Genesis 44:20. a little one: in Genesis 46:21 he is at the time father of ten sons, and assuming that Joseph had been twenty-two years in Egypt (Genesis 37:2, Genesis 41:46; Genesis 41:53, Genesis 45:6) and that Benjamin was born before Joseph was sold, he must have been more than twenty-two. The difficulty is greatly mitigated if P's chronology is set aside, and J may have regarded Benjamin as born after the sale of Joseph.
Genesis 44:30. Read mg.
XLV. Joseph Discloses his Identity and Sends for Jacob.—J and E are here closely united, E being the leading source. It is not worth while to discuss the analysis. Profoundly moved by Judah's noble plea, Joseph can no longer mystify his brothers, or repress his longing to reveal his identity. But this self-disclosure is too intimate, too sacred, to be made while others are present. When they have obeyed his order to depart, he bursts into uncontrolled weeping, and then, to the consternation of the brothers, declares that he is Joseph. In a fine and reassuring speech he bids them not be troubled, for God's hand was in it all, to save them in the famine. Then he tells them to return, inform Jacob, and invite him to come with all his family and possessions. This invitation was endorsed by Pharaoh in most cordial and generous terms.
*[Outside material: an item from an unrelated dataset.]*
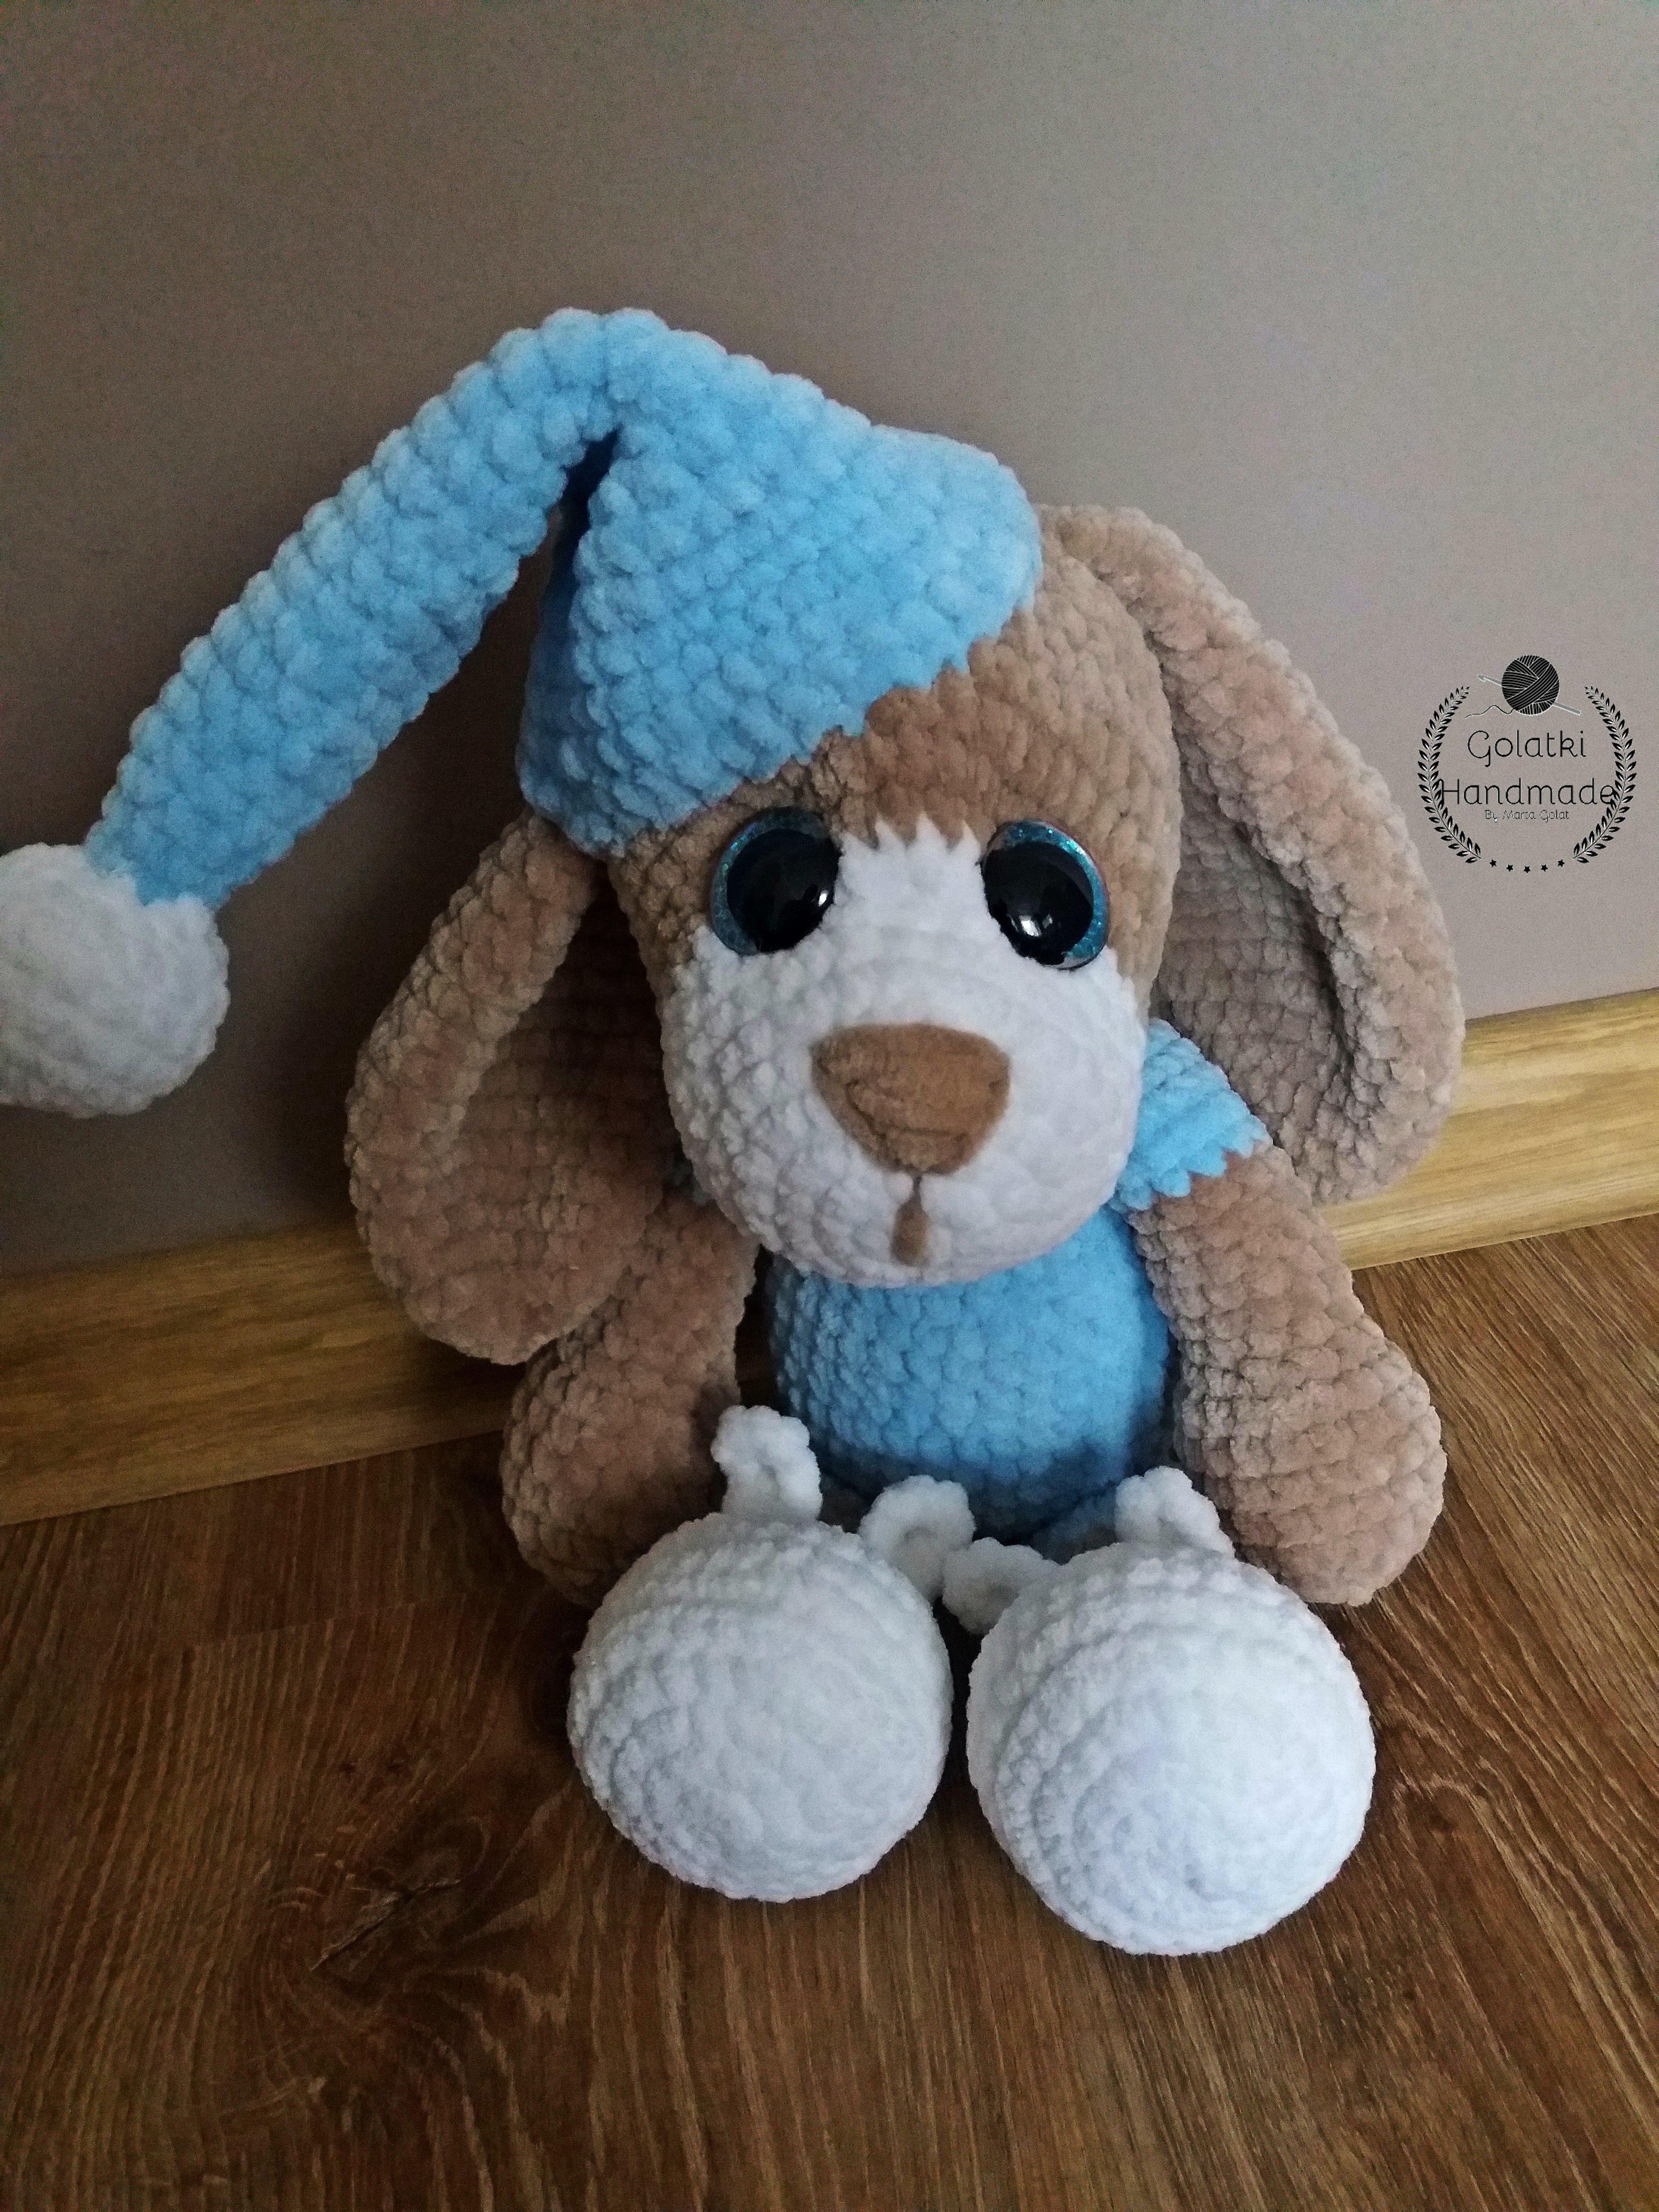 Pin By Golatki Handmade On Crochet Himalaya Dolphin Puppies In Pajamas Crochet Toys Wool

So they go with handsome presents for themselves and their father. The news is too good for Jacob to believe it till he sees the wagons Joseph has sent, and then he is reassured, happy that he will see his long-lost son before his death. It is assumed in Genesis 50:17 that Jacob learnt of the wrong Joseph had suffered from his brothers.
Genesis 44:10. Goshen: a fertile district E. of the Delta and near the frontier, part of what is now known as Wady Tumilat. It is mentioned only in J.
Genesis 44:24 b. Do not dispute about the apportionment of blame for your treatment of me.
Genesis 44:26. his heart fainted: his mind was too numb to grasp it.